Embeddings are low or moderate-dimensional vector representations of complex objects such as nodes, words, queries, documents, etc and are ubiquitous in modern statistics, data science, and AI (e.g. Large Language Models). In general, we might distinguish two types of use:
1. “Embeddings for humans”: data exploration, visualisation, hypothesis generation & testing, broader discovery science
2. “Embeddings for machines”: classification & regression, data fusion, retrieval, generative AI.
This distinction has implications for what we might consider a “good” embedding, e.g. how many dimensions, the balance of explainability versus performance, local versus global fidelity, etc.
In a vast array of problems related to e.g. the internet (e.g. cyber-security, misinformation), people & money (e.g. human-trafficking, corruption), the planet (e.g. reducing air travel), the brain (e.g. neuroscience), the data we encounter more often take the form of a dynamic network, hence the problem of dynamic network embedding.
At their simplest, dynamic network data consist of triples (i,j,t), each representing that two individuals (i and j) interacted at a certain point in time (t). Given these data, we would like to assign a vector to each node, or to each node at each point in time (i.e., a trajectory), which somehow represents their behaviour. For example, if two nodes behave similarly, their embeddings should be close; by extension, we should be able to extract groups of similar nodes using clustering techniques.
At present, we have two algorithms. The first (“Version 1”) is Unfolded Spectral Embedding and was published in NeurIPS 2021:
Ian Gallagher, Andrew Jones, Patrick Rubin-Delanchy. “Spectral embedding of dynamic networks with stability guarantees“. Advances in Neural Information Processing Systems 34
Unfolding is a construction related to tensor decomposition. Briefly, we compute the singular vectors and values of the matrix
\[\mathbf{A} := (\mathbf{A}^{(1)}, \ldots, \mathbf{A}^{(T)}),\]
where each $\mathbf{A}^{(t)}$ is an adjacency matrix. The singular components can be obtained efficiently in large real-world networks using sparse linear algebra.

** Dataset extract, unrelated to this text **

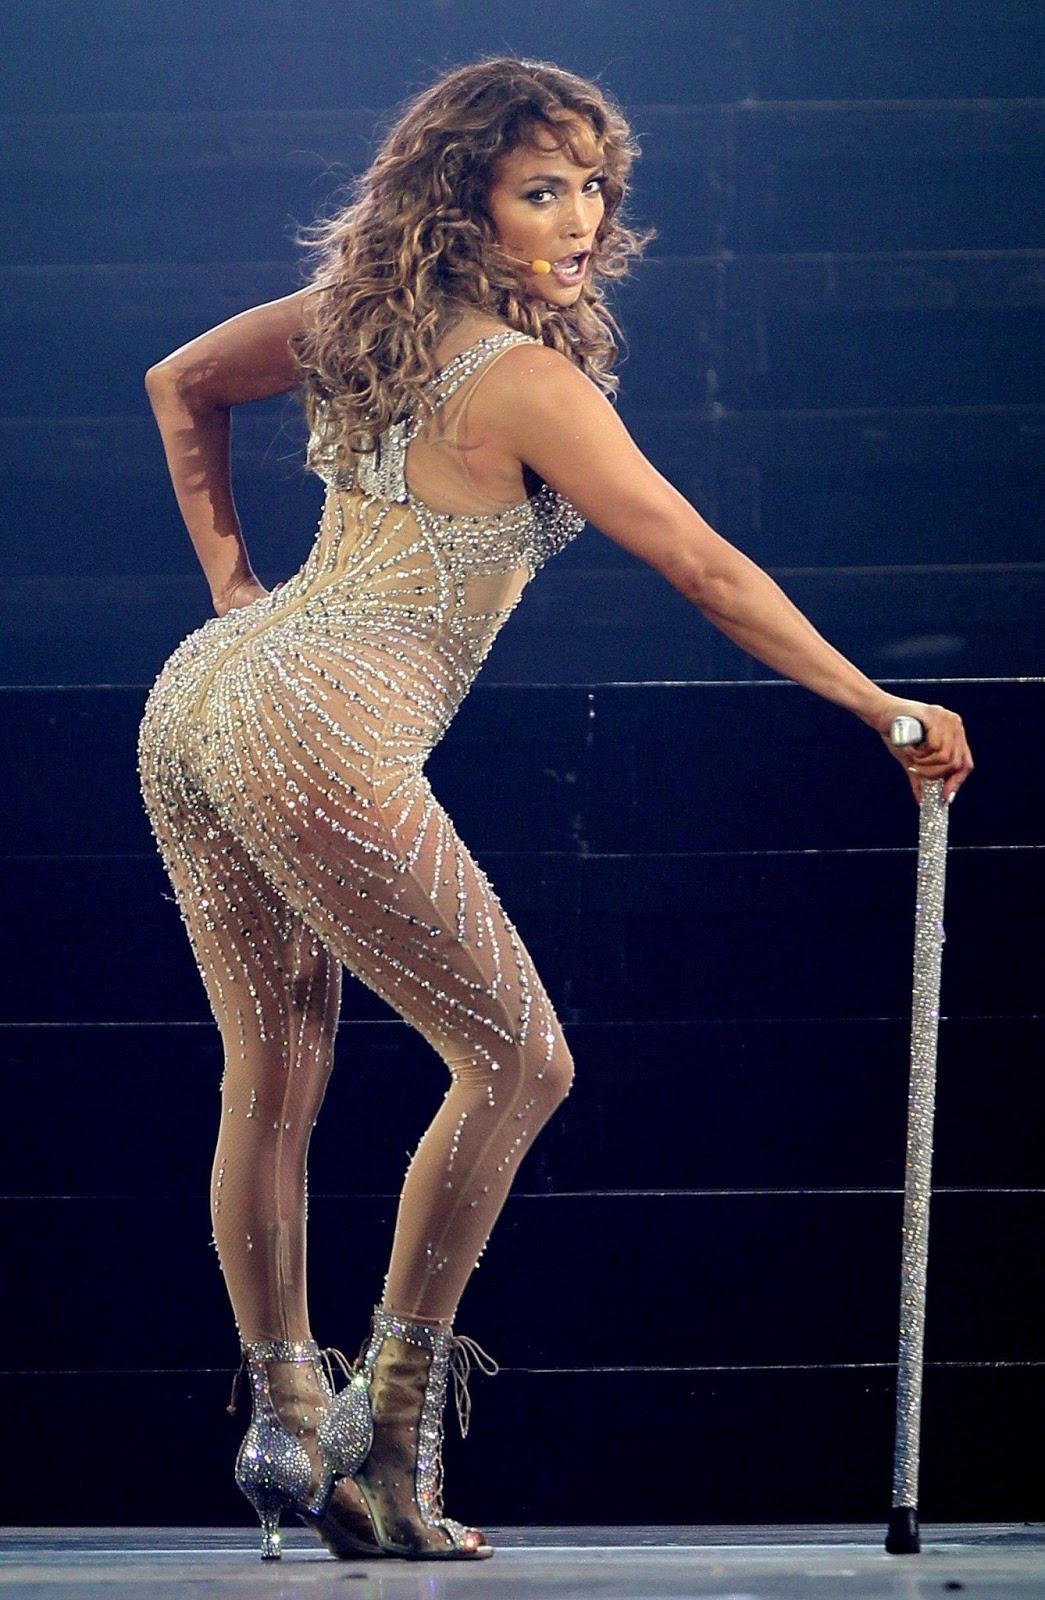 Hot Actress, Models, Heroine and Celebrities Hot Photos, Pics, Wallpapers.: Big Butts Jennifer Lopez

In a collaboration with Microsoft Research, 2021-2022, we employed this algorithm to tackle corruption in public procurement data, e.g. raising potential “company reinventions” by comparing embedded positions. The second (“Version 2”), is Intensity Profile Projection (IPP) and was published in NeurIPS 2023:
Alexander Modell, Ian Gallagher, Emma Ceccherini, Nick Whiteley, Patrick Rubin-Delanchy. “Intensity Profile Projection: A Framework for Continuous-Time Representation Learning for Dynamic Networks“. Advances in Neural Information Processing Systems 36
This is arguably the first significant leap in this project which was purely facilitated by NeST. The method gives much more flexibility in how we model data in the time domain, e.g. using Hawkes processes, Bayesian methods, or deep learning. At the moment it is only tested on simpler approaches, such as the histogram or kernel density estimators.

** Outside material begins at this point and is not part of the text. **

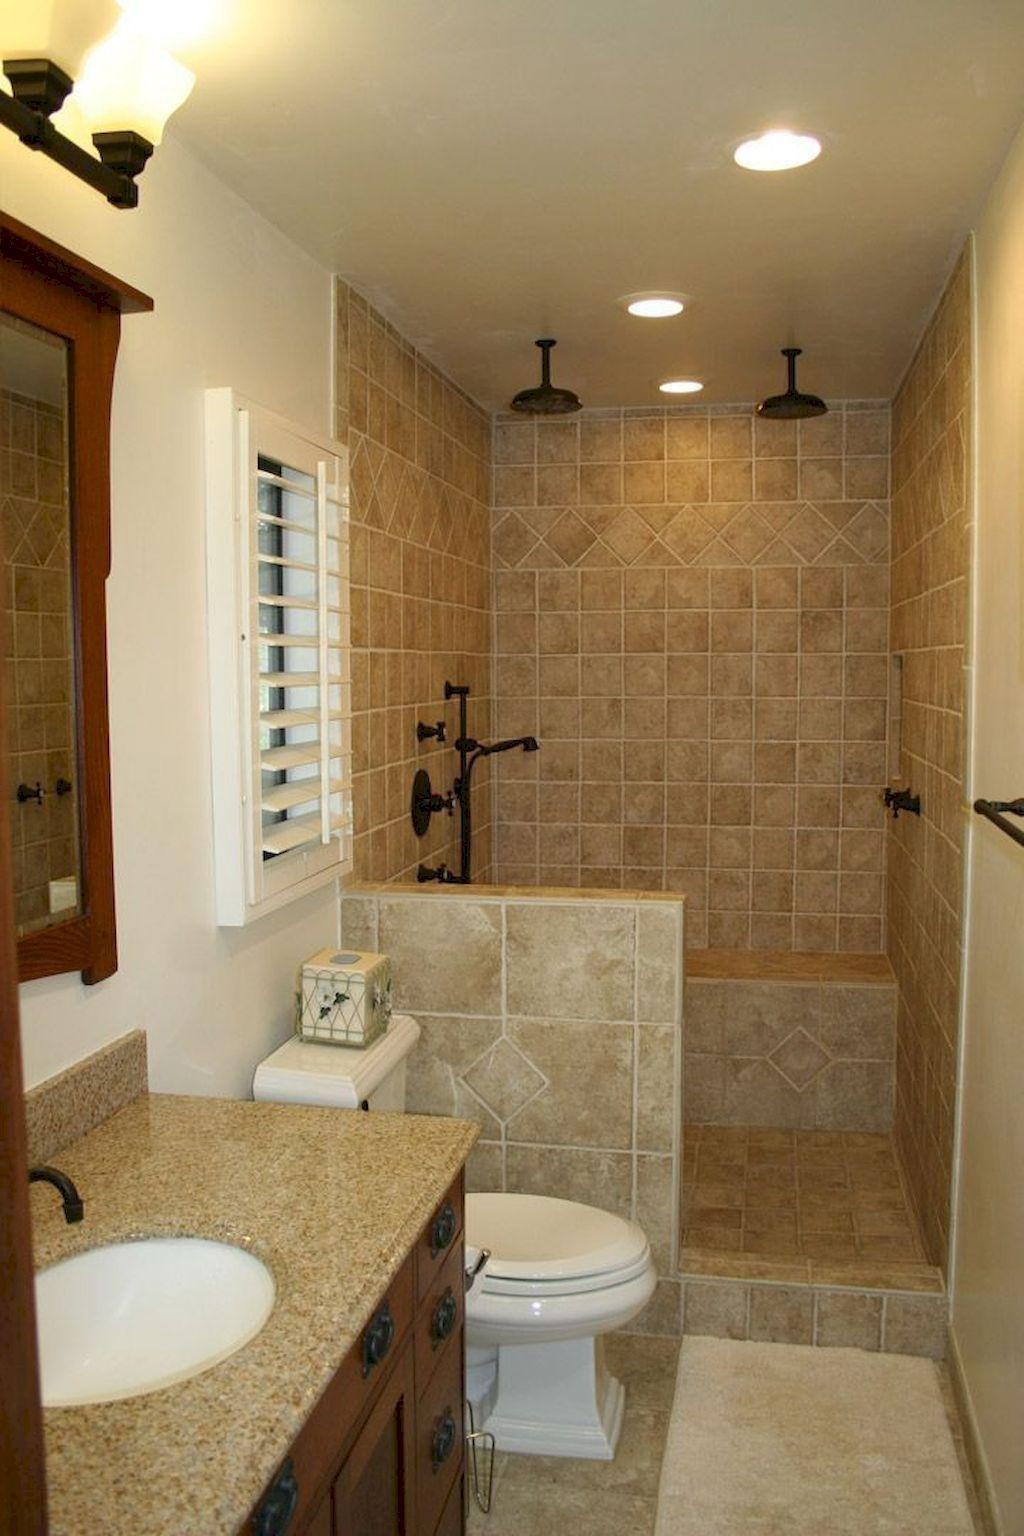 Bathroom Categories : Decor. Bathroom. Farmhouse. Design. in 2020   Small  bathroom remodel, Bathroom remodel shower, Budget bathroom remodel

We wish to develop a toolkit to better exploit dynamic network embeddings, e.g. as obtained from IPP. This could include detecting when communities split, measuring network polarisation, uncovering changes in hierarchy, and more complex phenomena. The project will develop new statistical theory using advanced mathematical techniques such as operator theory, topology and matrix perturbation theory. As we better understand what we can and can’t do with IPP, we will start moving towards a “Version 3” which, in particular, could incorporate smarter point process models and nonlinear dimension reduction tools such as autoencoders.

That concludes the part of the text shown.